2. Construct a minimal decision tree for this dataset. Show your work.
3. Use your decision tree from the previous part to classify the following instances:
 No. Student First last year? Male? Works hard? Drinks? First this year? 7 Matthew no yes no yes ?? 8 Mary no no yes yes ??
4. Suppose that the trainer tells you that your classifications of the instances are incorrect (i.e. the right classification of each of the instances is "yes" if you said "no", and "no" if you said "yes"). Discuss a way to post-processig your tree (without constructing it from scratch again) so that the resulting decision tree better represent the training data together with the two test instances.
5. (Extra Credit) Suppose that we are trying to learn a concept C and that A is one of the predicting attributes. Let n be the number of values that C can assume and k the number of values that A can assume. (For instance, if C=PlayTennis and A is Outlook, then n = 2 (yes,no) and k=3 (sunny, overcast, rainy).) What is the interval of real numbers in which the value of the entropy of A with respect to S lies? In other words, find real numbers a and b such that a <= entropy(A) <= b.

### Problem 3 (15 Points): Neural Networks

Consider the following Boolean function

 A B ~A v B 1 1 1 1 0 0 0 1 1 0 0 1

1. Can this function be represented by a perceptron? Explain your answer.
2. If yes, construct a perceptron that represents the function. Otherwise construct a multilayer neural network that represents it.
3. Explain informally why the delta training rule in Equation (4.10) is only an approximation to the true gradient descent rule of Equation (4.7).

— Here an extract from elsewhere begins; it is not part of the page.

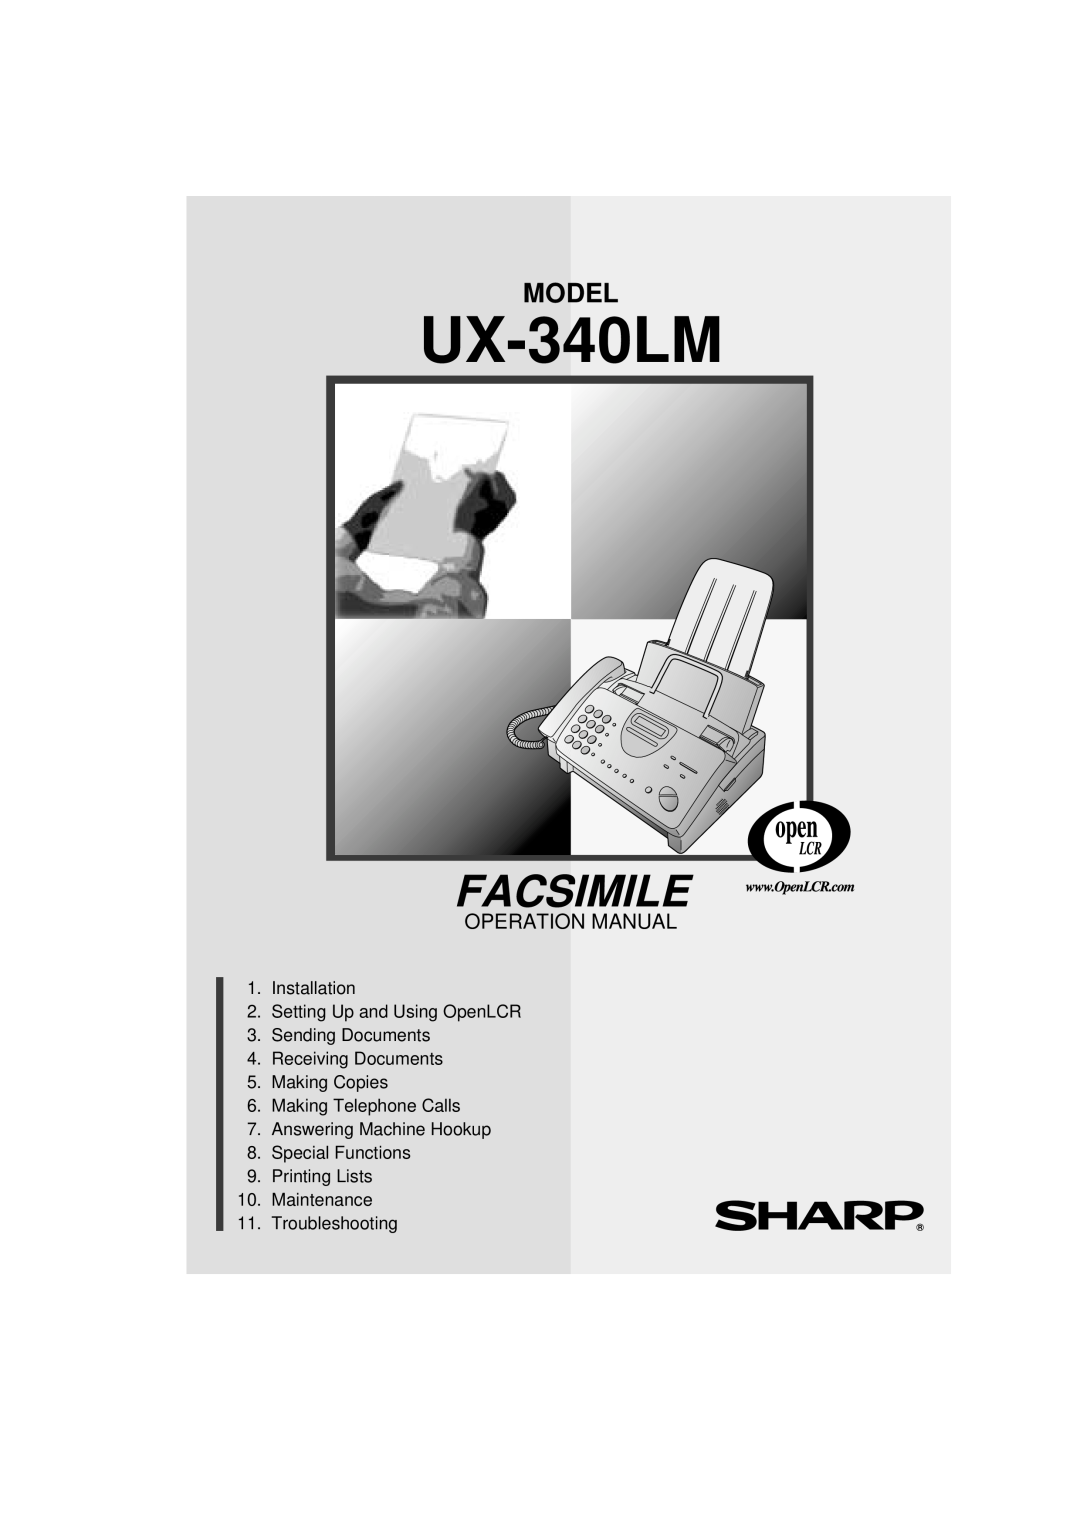 Sharp UX-340LM manual Facsimile, Model, Operation Manual

### Problem 4 (15 Points): Evaluating Hypotheses

Suppose that hypothesis h commits r=10 errors over a sample of n=65 independently drawn examples.
1. What is the standard deviation in ERRORs(h)?
2. What is the 90% confidence interval (two-sided) for the true error rate?
3. What is the 95% one-sided interval?
4. What is the 90% one-sided interval?

### Problem 5 (15 Points): Bayesian Learning

For the janitor example of Problem 1,
1. Construct a Bayesian network that represents all attributes in the janitor example, assuming that the predicting attributes are pairwise independent. Provide the probability table for each of the predicting attributes.
2. Show how a naive Bayesian classifier would classify the following instance:

 STATUS FLOOR DEPT. OFFICE SIZE RECYCLING BIN? student four cs small ??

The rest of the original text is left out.